Consequently, you think that if all these women are cheating on their men, why would not my spouse cheat on me? It is only when an officer steps back and takes himself out of the picture of others that he can see the big picture. The reason that policing exacerbates what an officer may be is because he generally does not look at his own shortcomings and fallacies. He plays the role of God so much that he does not stop to view his own personal challenges. Some officers are intuitive enough to transfer to other assignments that allow them to be more reflective of who they are. The majority tends to remain in the clutches of their own demons, some ending up abusing alcohol, drugs, or their wives. When all is lost they end their own life all together.

The majority of officers learn to cope in their own way without becoming self-destructive. Why would people put themselves through this torture? As I outlined in a previous book, "A Badge Without Blemish: Avoiding Police Corruption"(Morris Publishing, 1997), policing is a profession that you earn. Unlike the corporate hiring process that may take a month or less, it takes an investment of nearly two years to become a police officer. The process entails 2-3 months of the initial application and background check (including an assessment by a police psychologist), 2-3 months of waiting to enter the police academy as a recruit, 6 months of training within the academy, and 6 months on probation before becoming a permanent officer. The reason officers do not leave the department is because he/she has expended nearly two years of their life entering the profession. It is challenging to leave with that amount of time and energy invested. Couple that with personal challenges and fears of being unemployed (which most people have) and what you have is a person who will leave kicking and screaming if you tried to get rid of them.
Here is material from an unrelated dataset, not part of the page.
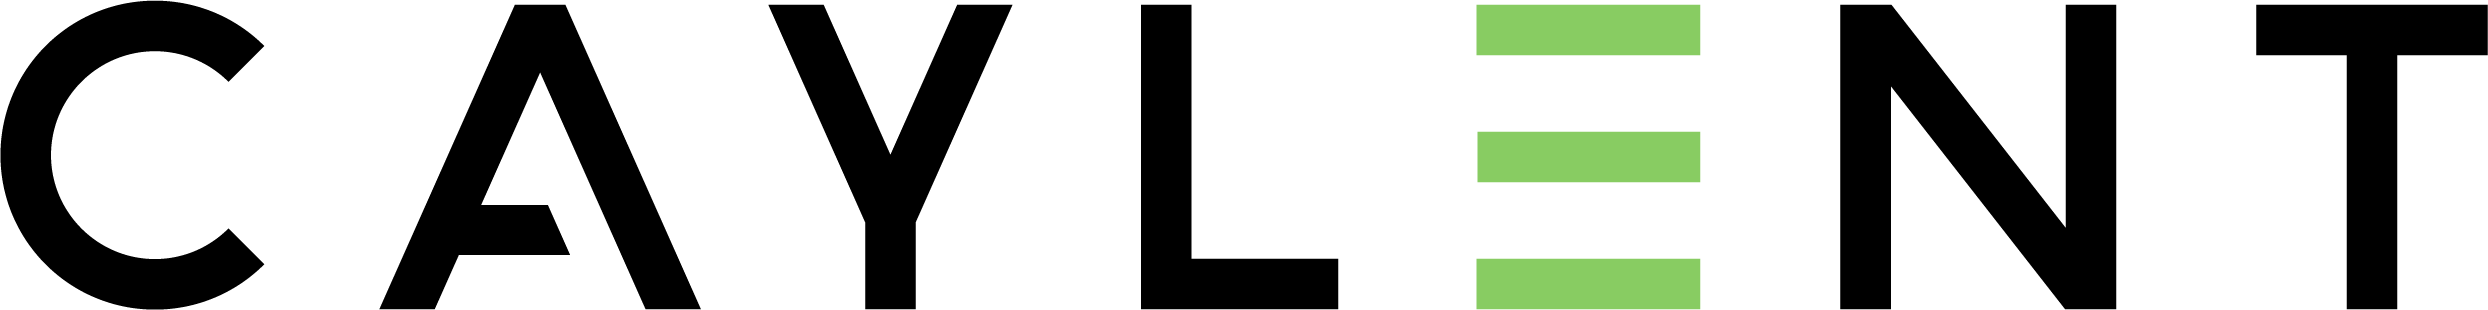 Caylent Logo Black

But another reason officers stay on the job is because they feel this is the only place they can be someone. One day you can be bagging groceries at the local supermarket, two years later you are carrying a badge with a gun and experiencing more power than the president of the United States. The U.S. President does not have the power to take the life and liberty of a citizen like a police officer. Officers feel the power and the double standards that apply to them. They eat free or discounted fast food, attract women who like power and uniforms, and enjoy a small-scale celebrity status. As long as they do their job and do not make any mistakes that will look unfavorable on the department, no one will question what they are doing. Every new movie and television series is about the police profession and police officers do for "real" what actors do for "fake". This is why some officers carry a "big and bad" attitude.

The legendary artist, Andy Warhol once noted that everyone experiences at least fifteen minutes of fame. In a cosmetic and media generated society, the limelight can be an intoxicating vice. Officers who have not developed themselves throughout life experience the same things as civilians who have not cultivated themselves. How many times have you heard an actor or musician who have spent their lives trying to get their "big break"? Once they begin paying the price of fame; i.e., groupies, lack of privacy, paparazzi, etc., then all of a sudden, the price of fame is too high of a price to pay. Of course this does not apply to the majority of celebrities, but we hear it too much for it to go unnoticed.

The same power and acclaim that intoxicates celebrities and sometimes cause downfalls is the same intoxication that plagues some police officers. Ultimately, it's an issue that the individual officer has to wrestle with. Society is not responsible for an obnoxious police officer. What this officer manifest is an extension of who he is at that time. He has the responsibility like all humans to check his behavior before someone else checks it. We all have to answer to someone. If we think we have escaped man's laws, we still have to contend with the universal laws. Just as criminals are finally caught for their dastardly deeds, so are police officers nabbed for theirs.